"We ought to give the alarm," said Blake.
"Before it is too late," assented Joe. "Where can it be? It seems near here, and yet we can't locate it."
"Get down on your hands and knees and crawl around," advised Blake. In this fashion they searched for the elusive tick-tick. They could hear it, now plainly, and now faintly, but they never lost it altogether. And each of them recognized the peculiar clicking sound as the same they had heard coming from the brass-bound box Mr. Alcando had said was his new alarm clock.
"Hark!" suddenly exclaimed Blake.
Off to the left, where was planted the automatic camera, came a faint noise. It sounded like a suppressed exclamation. Then came an echo as if someone had fallen heavily.
An instant later the whole scene was lit up by a brilliant flash—a flash that rivaled the sun in brightness, and made Blake and Joe stare like owls thrust suddenly into the glare of day.

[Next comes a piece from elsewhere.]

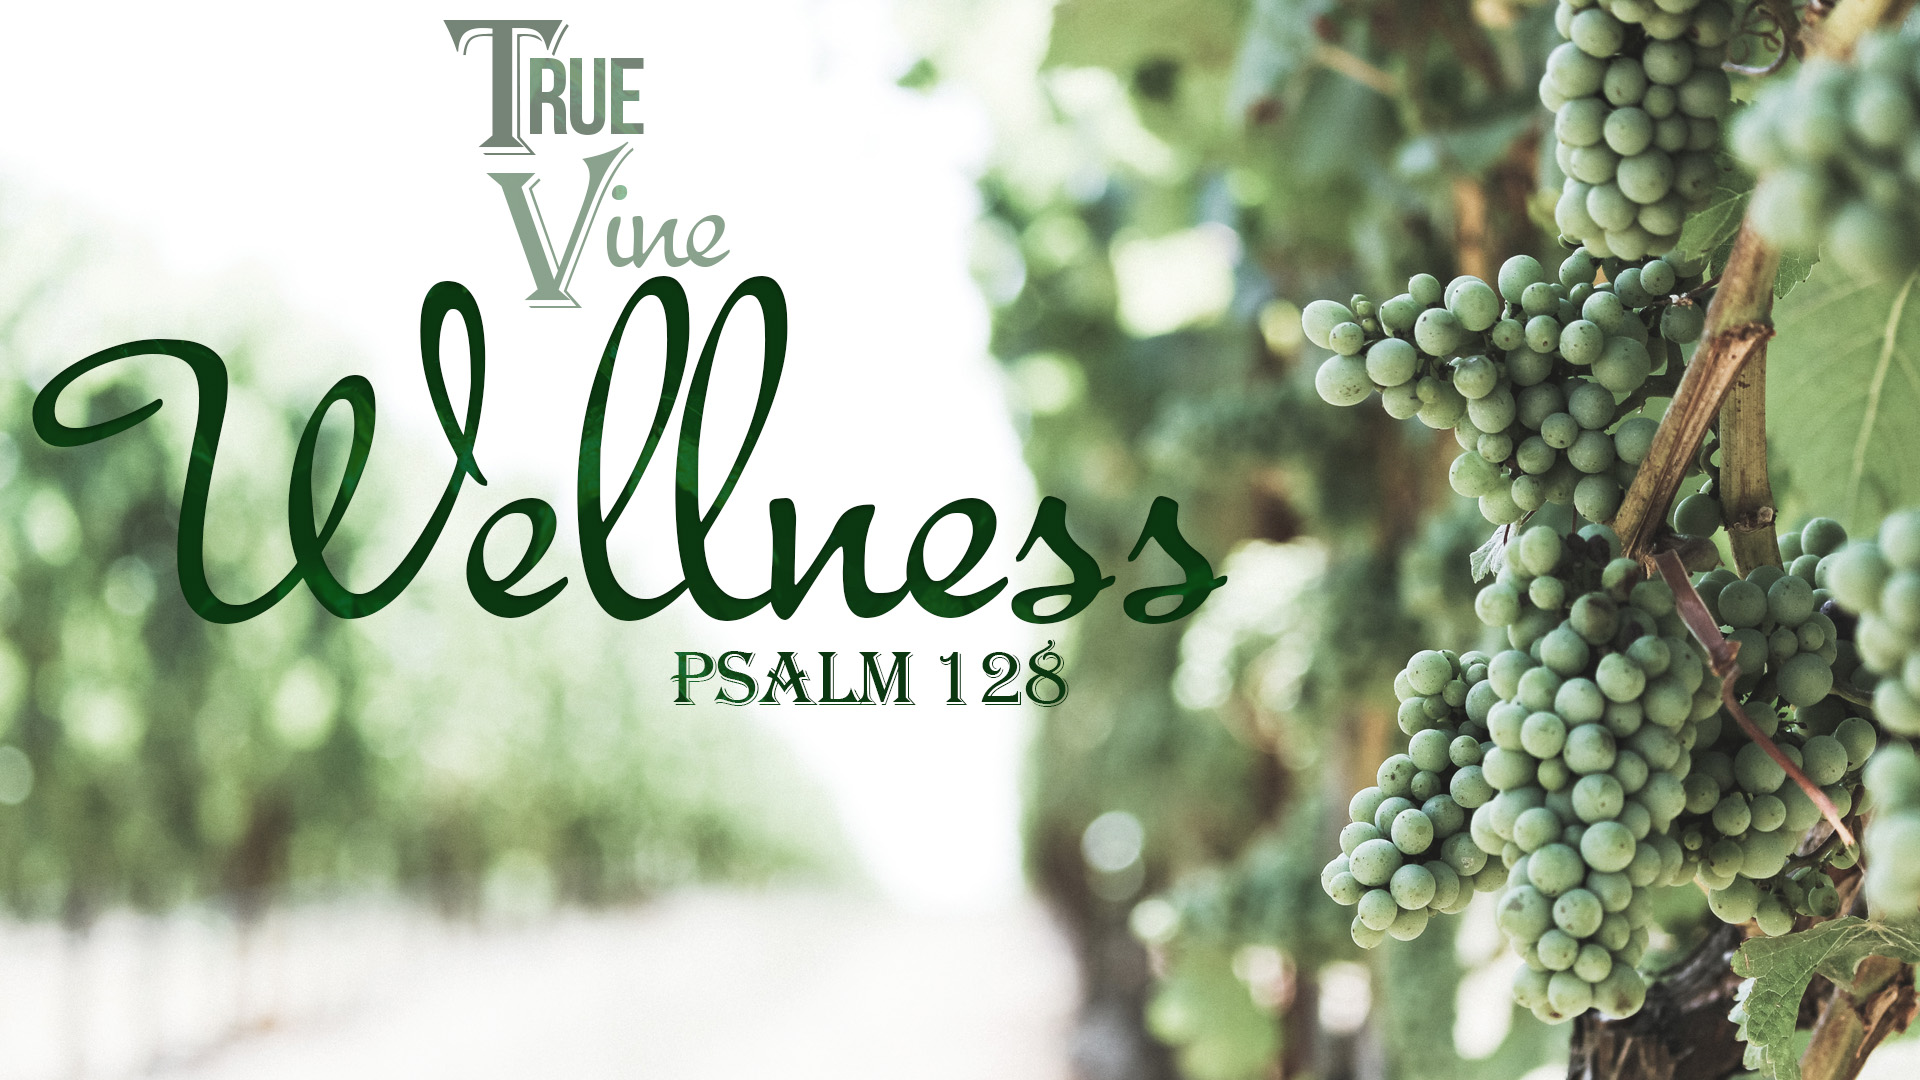 True Vine, part 2: Wellness  Image

"The dynamite!" gasped Joe, unconsciously holding himself in readiness for a shock.
"The flashlight—the automatic camera!" cried Blake. There was no need for silence now.
The whole scene was brilliantly lighted, and remained so for many seconds. And in the glare of the magnesium powder the moving picture boys saw a curious sight.
Advancing toward the dam was a solitary figure, which had come to halt when the camera went off with the flashlight. It was the figure of a man who had evidently just arisen after a fall.